It’s a funny thing, the landscape we live in these days. It looks very different from just a few years ago when I got married. And I’m not just talking about the fact that the word “blogworthy” exists as a thing now. I’m talking about the fact that photos and videos are now uploaded almost immediately after your wedding to social networks like Facebook and Instagram, most of the time without your consent. We’ve gotten to the point where privacy is no longer a respected concept. And where we feel rude for asking people to take things down, detag, or resist posting in the first place. And it’s not that we at APW take issue with sharing in and of itself (um, obviously we think sharing is lovely and we do it all the time. Storytelling can be a powerful medium for those who choose it.) It’s just that we think you should have the right to dictate your comfort level with what and how much of your life gets shared. Maybe you’re OK with All The Things being out there. Or maybe you’re like Carolyn and feel like you don’t owe the internet a damn thing. The point is, the choice should be yours.

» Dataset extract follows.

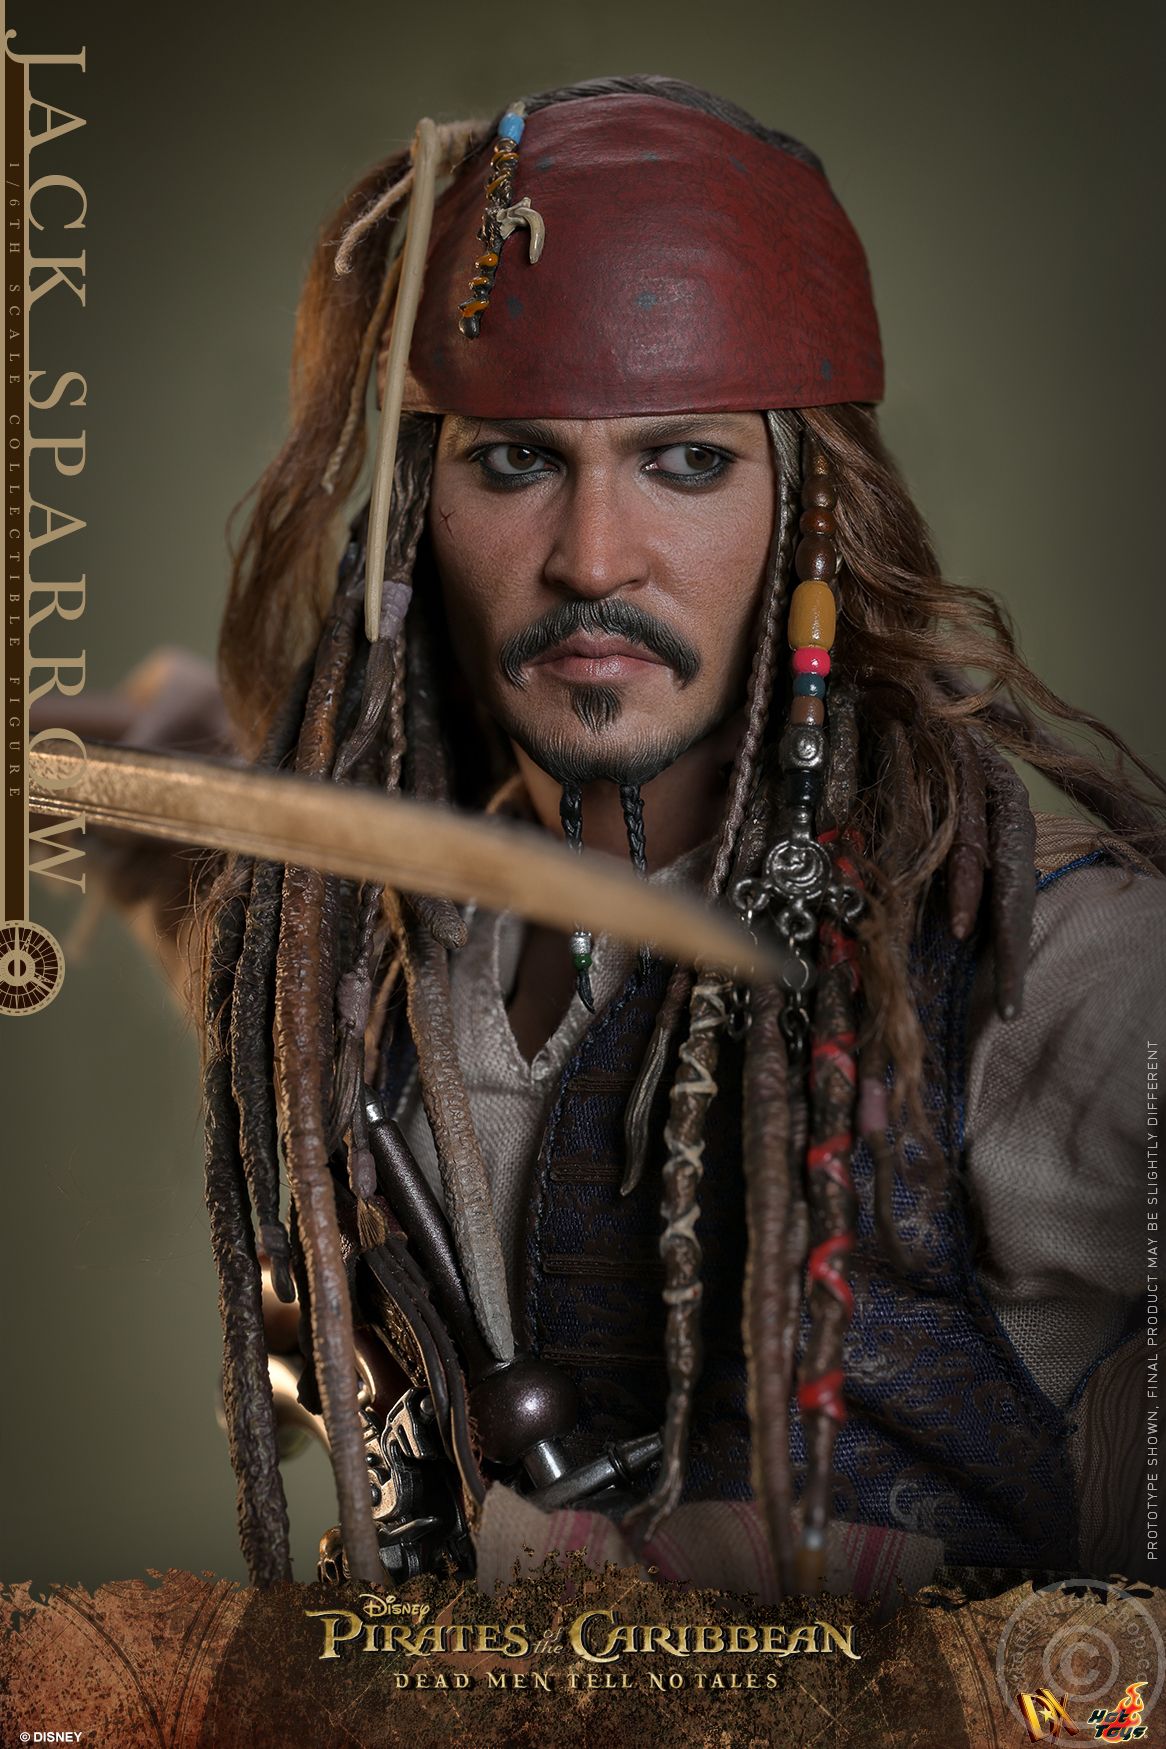 Jack Sparrow - Pirates of the Caribbean - Standard Version

Depending on your standards, we had either a small, medium-sized or large wedding. Clocking in at about 125 guests, I’d say it was a Goldilocks-sized wedding (just right). Whatever the number, it was the people we carefully chose to celebrate our union, the beginning of our next chapter, the beginning of our family.
And I’m sorry Internet, but that just doesn’t include you.
I know. That makes me a hypocrite. Every day I dutifully read, smile, laugh, and cry with your weddings. And I love it. I like looking at the pretty pictures and reading the touching, sometimes crushing, stories. But for some reason I just can’t reciprocate. It’s not that I don’t like you, in fact I’d probably really relish in the validation the “Exactly!”s would give me. It’s just that it feels too private, too personal to let it all hang out.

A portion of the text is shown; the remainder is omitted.